Support Questions

Find answers, ask questions, and share your expertise
Announcements
Celebrating as our community reaches 100,000 members! Thank you!

Can we change yarn.nodemanager.log-dirs value from local to hdfs ?

avatar
Guru

Team,

Actually there are multiple jobs running on our servers and during running jobs are creating more staging data in local /var/log/yarn/log dir. I understand it is because of container and yarn.nodemanager.log-dirs property.

We have 100GB for this location but still it is getting full, so is there anyway where we can redirect it to hdfs ?

Thanks in advance.

16 REPLIES 16

avatar
Super Guru
@Saurabh Kumar

How about enabling the yarn log aggregation? Once your job get completed it will automatically move the job logs from local to HDFS centralize location.

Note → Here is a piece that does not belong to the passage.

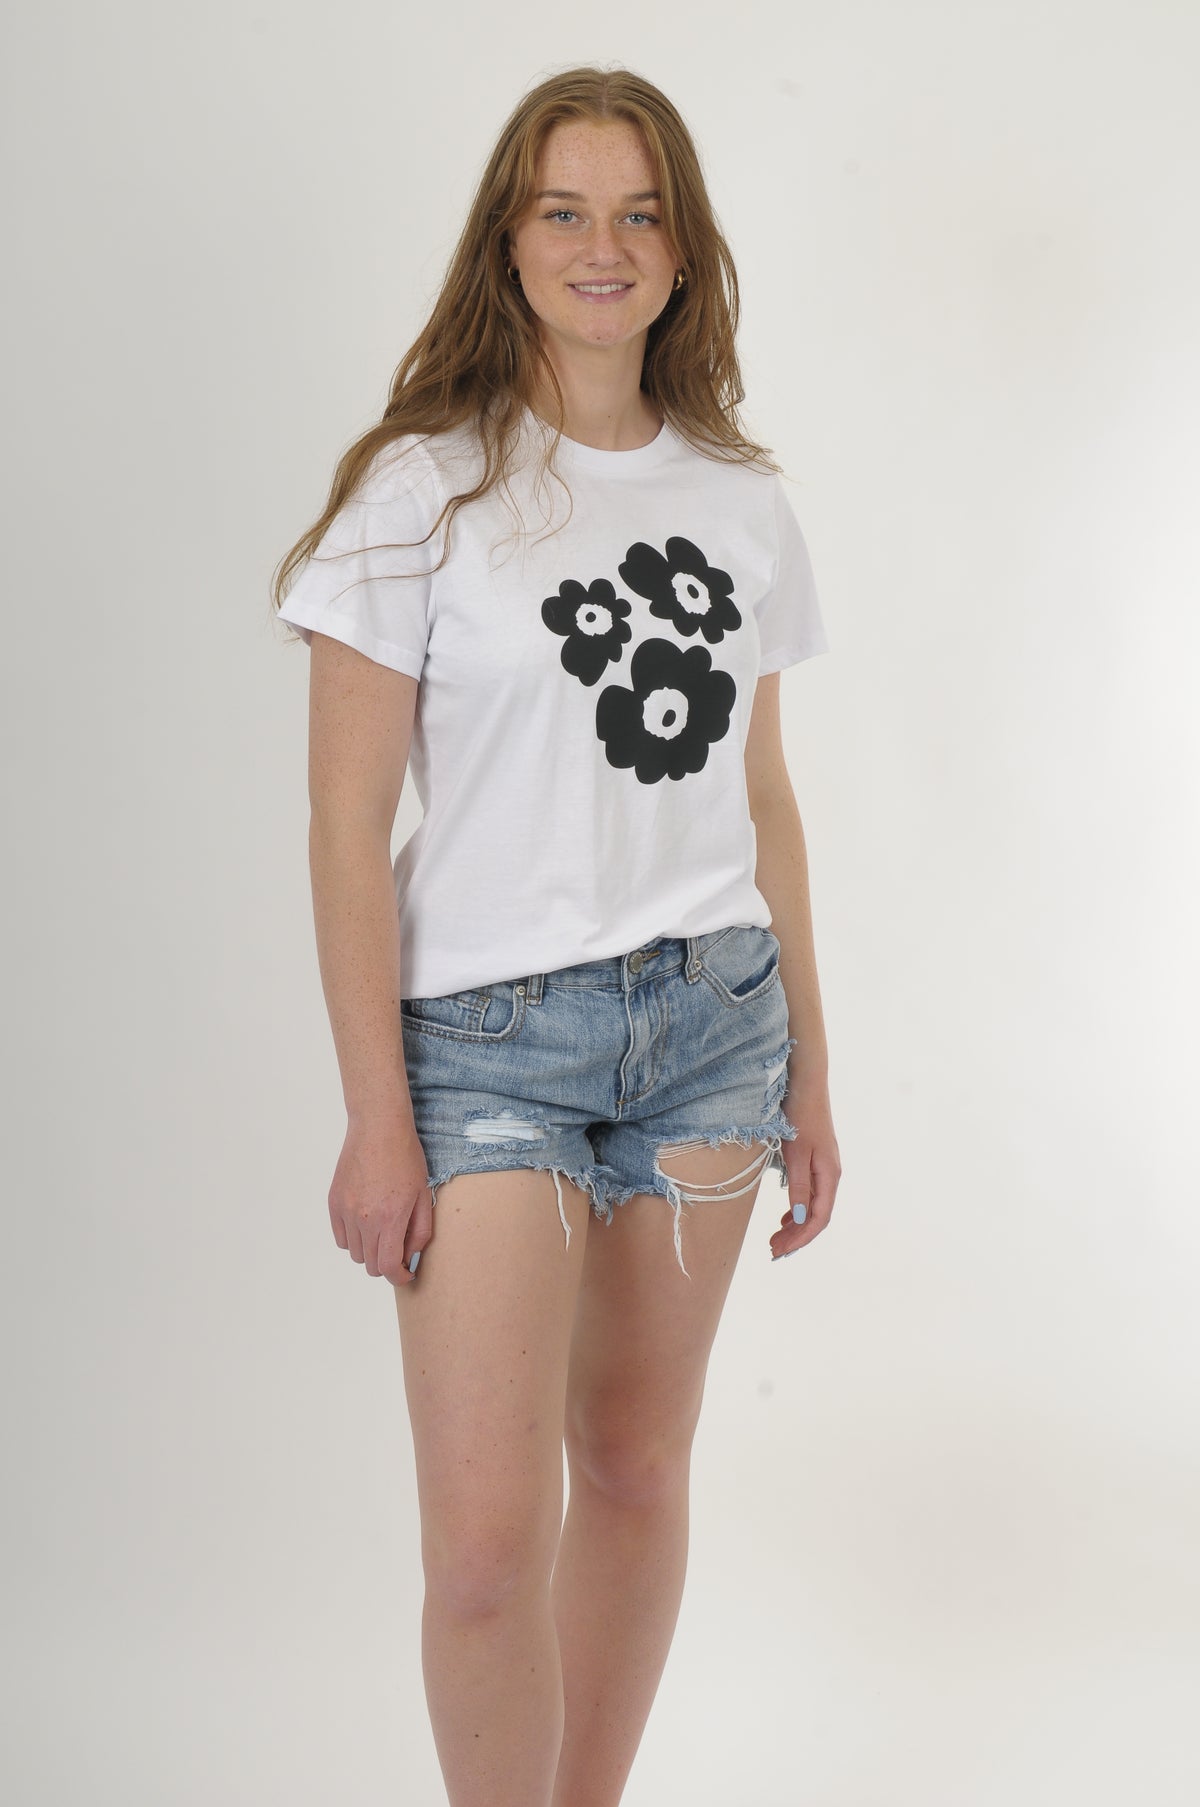 Tee Shirt - White with black 3 flower Print - Wadzee Print - Pre Order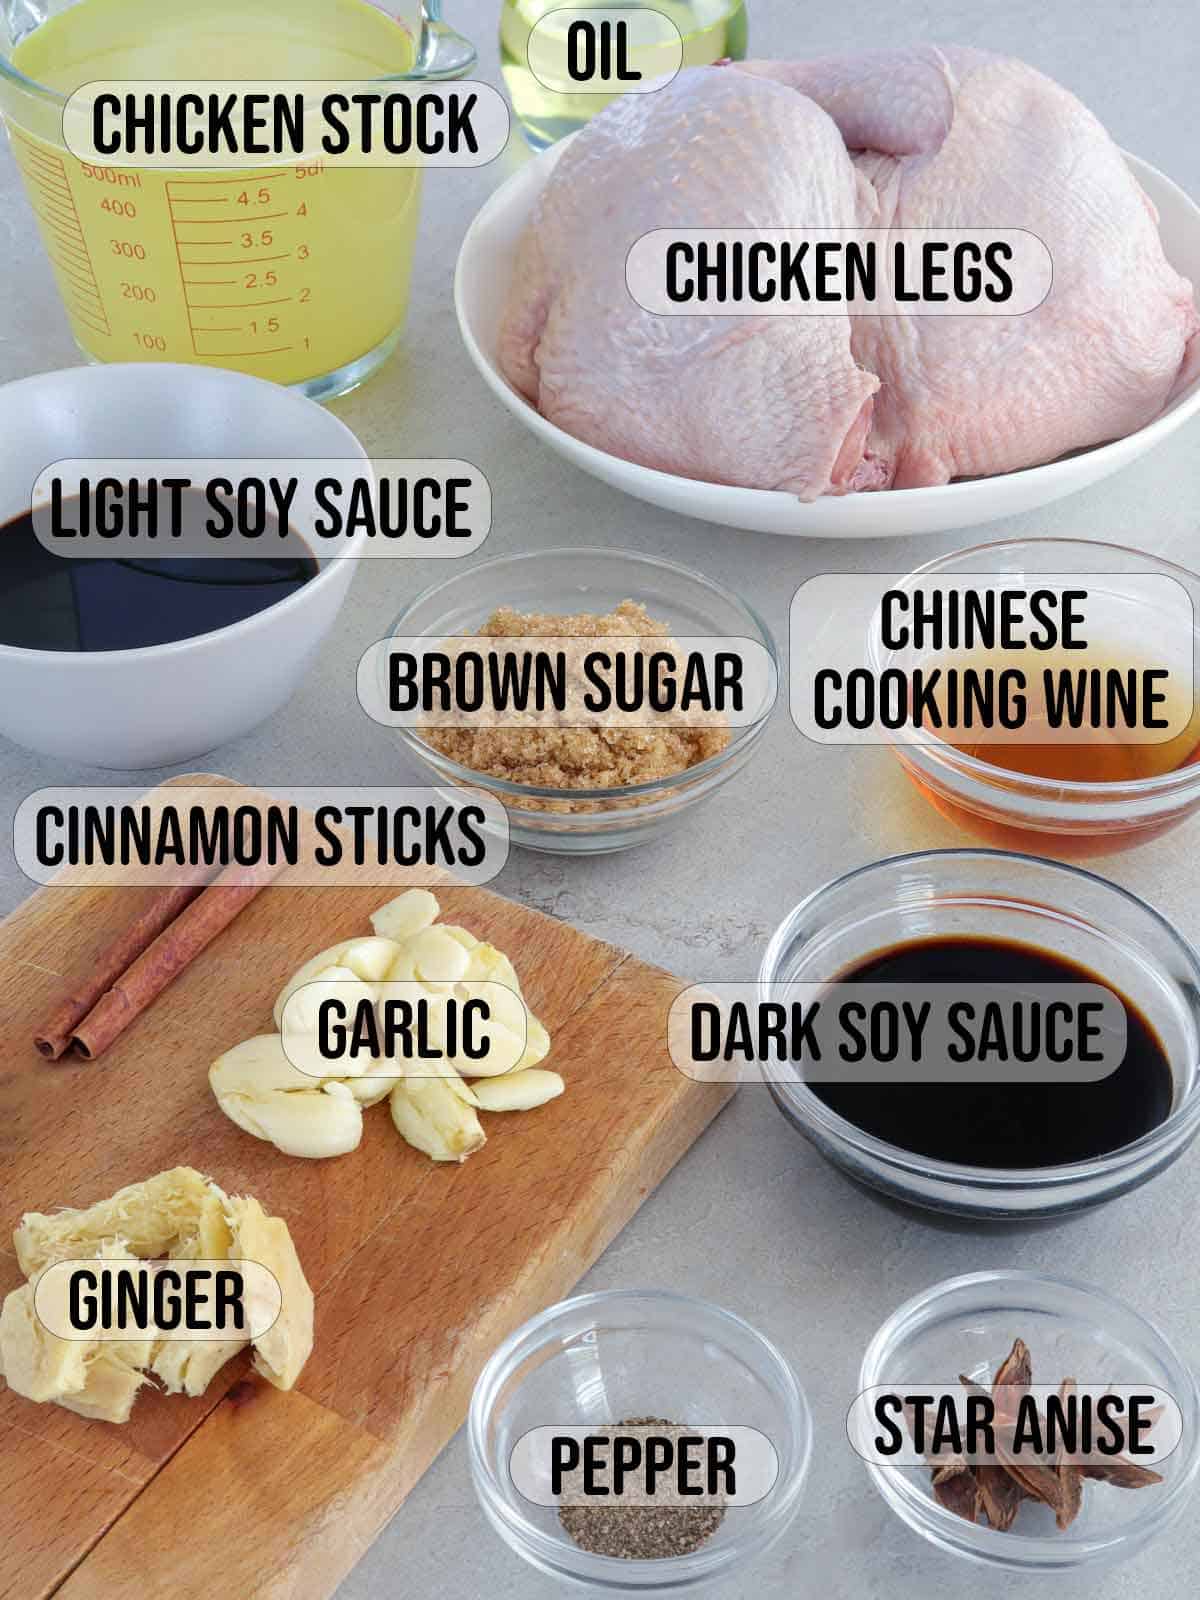 chicken, garlic, onion, brown sugar, dark soy sauce, light soy sauce, Chinese cooking wine, chicken stock, star anise, cinnamon sticks in bowls.

http://hortonworks.com/blog/simplifying-user-logs-management-and-access-in-yarn/

avatar
Guru

Thanks @Jitendra Yadav.

I have done it but after that also it it getting 100% used.

avatar
Super Guru

@Saurabh Kumar

ohh so you mean you have 100GB delicately on each NM node for yarn log and YARN log agg is also enabled and still you are facing this issue with local log dir? I think we need to check why that location is not getting cleared after job completion, may be something else occupying the space?

avatar
Guru

@Jitendra Yadav: yes We have enabled 100GB for all worker nodes. And data is getting cleaned once job compete or failed. But my query is many users are running a very big query and their jobs are consuming whole 100 GB even more than that. Because of that jobs are failing.

avatar
Super Guru

Ok, So if I roughly calculate the the size vs no. of jobs i.e if each job generate 100MB of logs on each node then it means you can have up to 1000 jobs running at the same time. Is that the case?.

1. Either some other log occupied the space in same partition.

2. Or the yarn job logs are not getting cleaned up fast.

3. Or you have a big cluster where you are running hundreds of jobs with some extra debugging. If this is the case then you need to reorganized the logging confs and consider increasing/adding space in yarn.nodemanager.log-dirs partition.

Can you share the disk usage of parent directories from that 100GB partition? @Saurabh Kumar

avatar
Super Guru
@Saurabh Kumar

Can you please share the below parameters values?

yarn.nodemanager.local-dirs

hadoop.tmp.dir

avatar
Super Guru

@Saurabh Kumar Then I can only think of increasing the yarn.nodemanager.log-dirs size by adding multiple mount points. But still i'm suspecting that something else is also occupying the space.

avatar
Guru

@Jitendra Yadav: Let me explain my issue little bit more. We have total 52 worker nodes and each node has 100GB dedicated for /var/log. And there use to be a very big hive query(with 20 or more left join or right joins) which users run and during a single query run it create metadata(~100 GB) with many containers. This is the cause of issue and it trigger alerts. Once this job will fail or complete then immediately logs will clean.

avatar
Guru

@Jitendra Yadav: We have following value for the above required properties.

yarn.nodemanager.local-dirs=/grid01/hadoop/yarn/log,/grid03/hadoop/yarn/log,/grid04/hadoop/yarn/log,/grid05/hadoop/yarn/log,/grid06/hadoop/yarn/log,/grid07/hadoop/yarn/log,/grid08/hadoop/yarn/log,/grid09/hadoop/yarn/log,/grid10/hadoop/yarn/log

And I could not find any value for hadoop.tmp.dir.